# Problema Volumen Logitech 5.1



## Garek (Nov 21, 2011)

Primero de todo Saludos!

Esque tengo un problemilla con el volumen de mis altavoces de PC logitech 5.1.

Desde hace ya tiempo que el volumen sube y baja solo y aveces muevo un poco la "ruletilla" y va un rato bien pero despues otra vez se sube solo o no se oye casi nose... Ademas Desde el controlador se puede medir los graves y hay otro boton que hace que se escuche mas el altavoz madre(pero esos van bien). Como vereis no tengo mucha idea de electronica.. Disculpen

E pensado en cambiar el controlador porque lo que falla es la ruleta del volumen pero no tengo ni idea de como ya que hay muchos cables(11 de colores) porque veo una tonteria comprar unos nuevos altavoces porque solo falle lo del volumen... Si me pudiesen ayudar a como arreglarlo o como cambiar el controlador por otro ( donde lo podria comprar?) y como conectar los cables.. Os lo agradeceria mucho!!

Muchisimas graciass y disculpen si me he explicado mal...


----------



## lubeck (Nov 21, 2011)

Yo tengo unos altavoces 5.1 de logitech, pero no tengo idea de lo que hablas....

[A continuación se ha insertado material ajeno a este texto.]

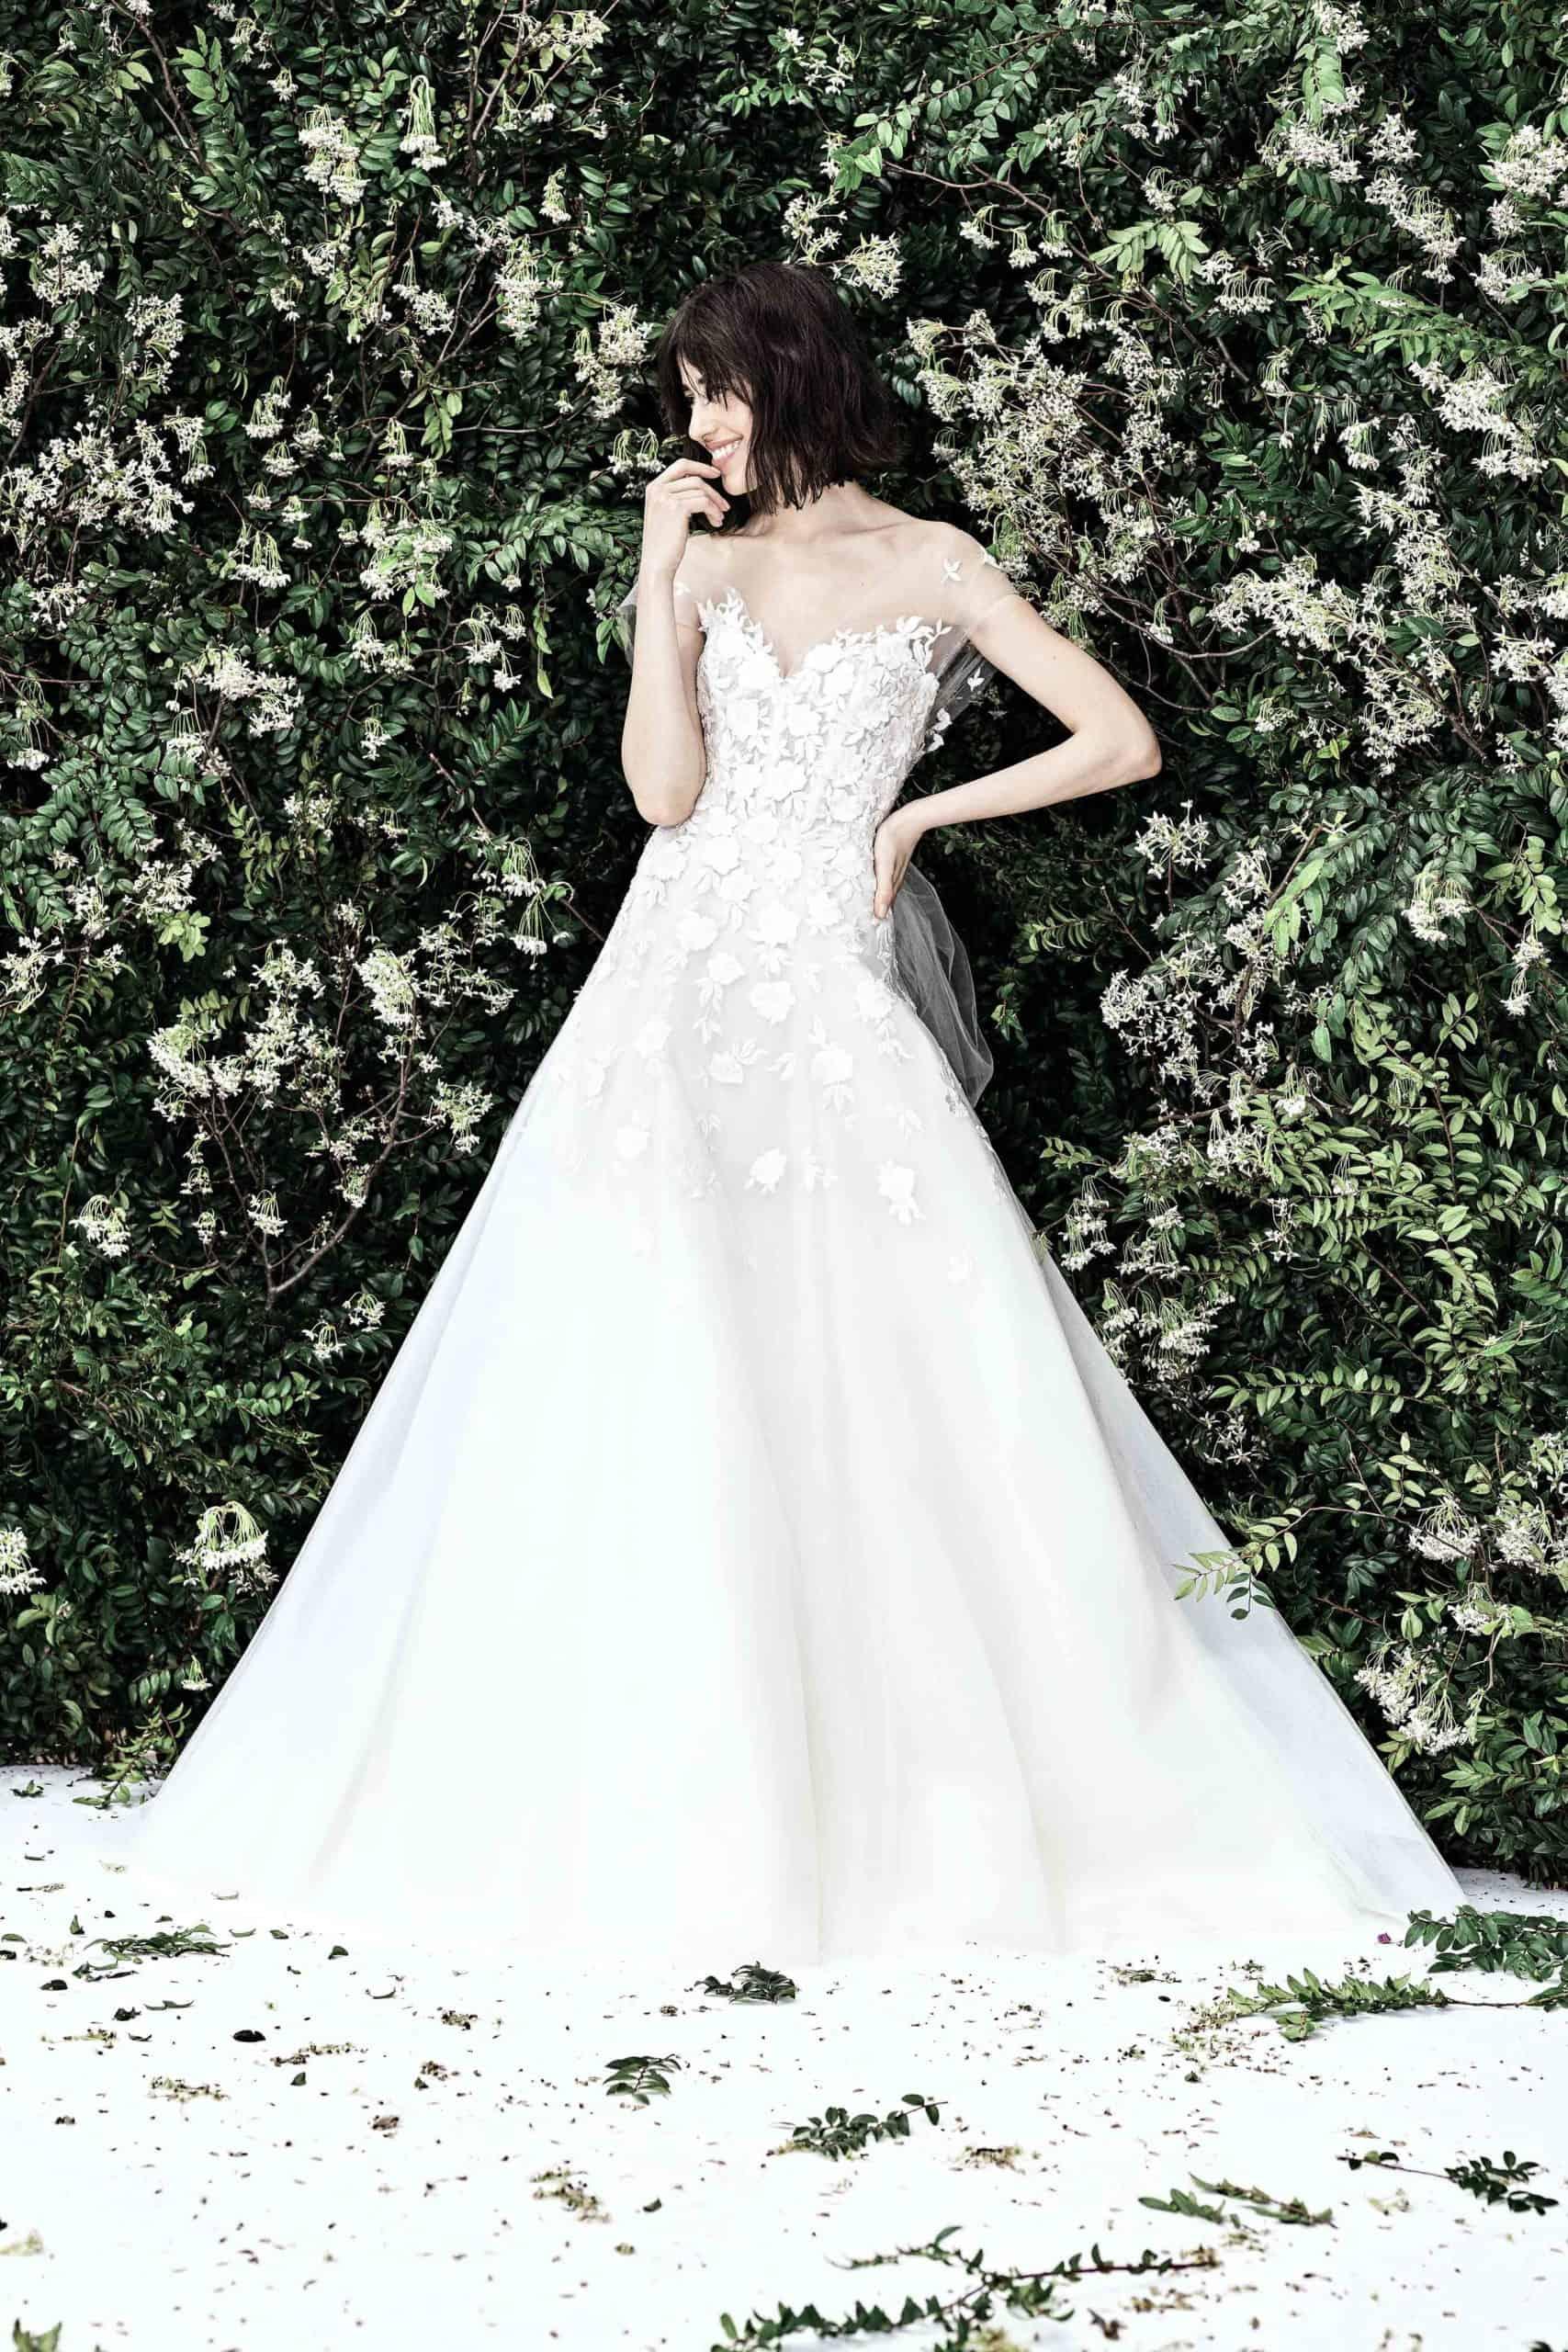 strapless a-line wedding dress with lace by Carolina Herrera

y si pones que modelo son????


----------



## Garek (Nov 23, 2011)

Aver me refiero que el control del volumen va mal y cuando le da la gana sube y baja solo el volumen y no se puede escuchar musica tranquilo.. El modelo no tengo idea de cual es pero solo quiero ayuda para cambiar el controlador del volumen o arreglarlo.. graciass


Imagen de lo que quiero arreglar : http://www.logitech.com/repository/1870/png/16238.1.0.png

Quiero arreglar la ruleta mas grande la que controla el volumen por lo que e dicho con anterioridad.. o sustituirlaa pero no tengo ni idea de como! Gracias!


----------



## lubeck (Nov 23, 2011)

con la imagen ya entiendo....los mios no tienen esa cosa....

si no tienes idea mejor llevalo con alguien que sepa, lo mas probable es que tengas que reemplazar el potenciometro, o en el mejor de los casos solo darle una limpiada....


----------